Album review: R.E.M., 'Collapse Into Now'
2 stars (out of 4)
What better band to cover R.E.M. than R.E.M.? That’s exactly what the longtime Athens, Ga., trio sounds like it’s doing on its 15th studio album, “Collapse Into Now” (Warner Bros.).
In the tradition of rock legends rehashing their best moves on mid-career studio albums – the Rolling Stones’ “Some Girls” in 1978 or U2’s aptly named “All That You Can’t Leave Behind” in 2000 – “Collapse Into Now” is an echo of past glories. If nothing else it reminds us that R.E.M. is fully aware of what it did best and when. Those glory years are now nearly two decades past – “Automatic for the People” in 1992 was their last indisputably great album (though I’d make a case for the 1996 “New Adventures in Hi Fi”).
The band re-energized itself in 2008 with the lean, pithy, hard-rocking “Accelerate.” It ended a string of snoozy, ballad-heavy Michael Stipe-dominated albums by amping up Peter Buck’s guitar and Mike Mills’ essential backing vocals.

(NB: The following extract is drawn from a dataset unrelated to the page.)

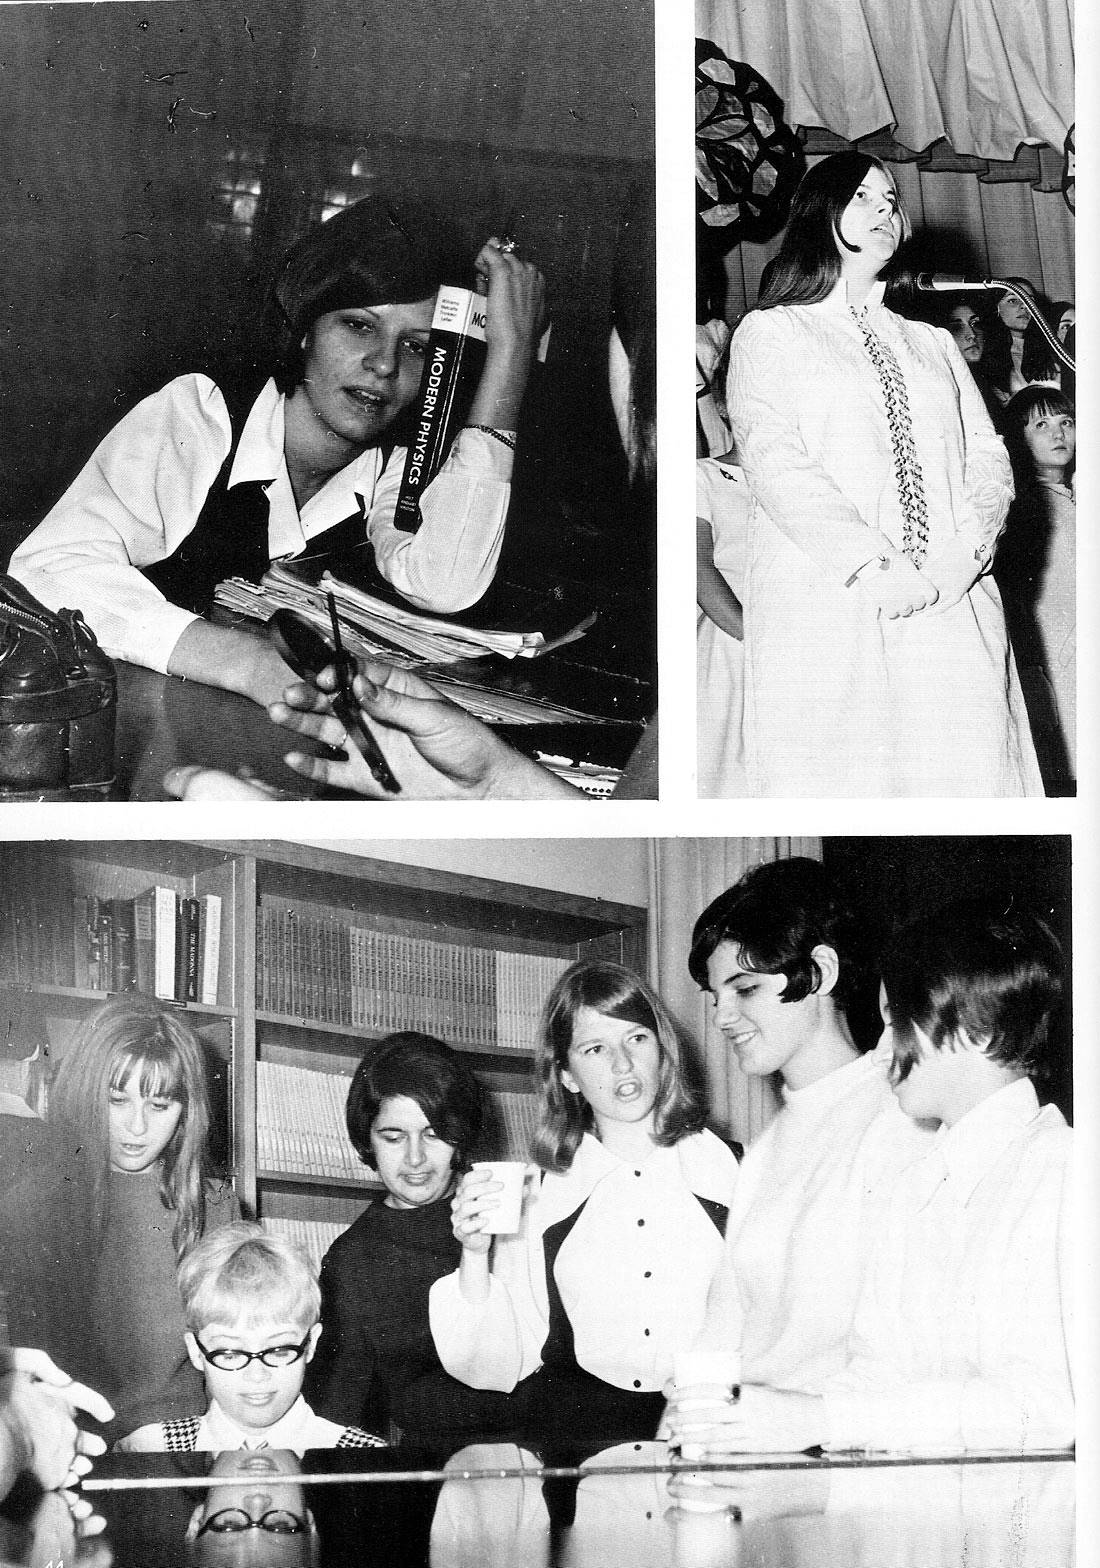 Elizabeth Seton High School Class of 1969

“Collapse Into Now” takes a similarly democratic approach and expands on it, juggling rockers with textured acoustic pieces. Buck’s guitar blasts open the album with promising bravado on “Discoverer” and “All the Best” and Stipe swaggers: “Let’s show the kids how to do it fine.” Mills, always the band’s not-so-secret weapon, adds a big dollop of melody and texture; he brings majesty to even the slower, weaker songs (“It Happened Today,” “Every Day is Yours to Win”) with his wordless harmonies.
A few guests are on hand to dress things up, but they’re used in predictable ways: Peaches brings attitude to the punch-drunk silliness of "Alligator Aviator Autopilot Antimatter"; Patti Smith plays shaman-like muse to Stipe on the eerie soundscape “Blue” (which demands to be listened to once, then never again); Eddie Vedder adds mournful gravitas to “It Happened Today.”
Similarly, riffs and melodies that remind us of past, better R.E.M. songs abound: the acoustic melancholy of “Drive” resurfaces on “Uberlin,” the chanting rock moves of “It’s the End of the World as We Know It (and I Feel Fine)” resurface on “Alligator Aviator Autopilot Antimatter” and “Walk It Back” retraces the power-ballad A-B-C’s of “Everybody Hurts.”
It’s all done earnestly. In “Oh My Heart,” Stipe comes home to “a city half-erased” but emerges with hope: “The storm didn’t kill me/The government changed.” On “Blue,” he exults, “This is my time and I am thrilled to be alive.” But if there’s to be a vital future for R.E.M., the band can’t continue recycling its past.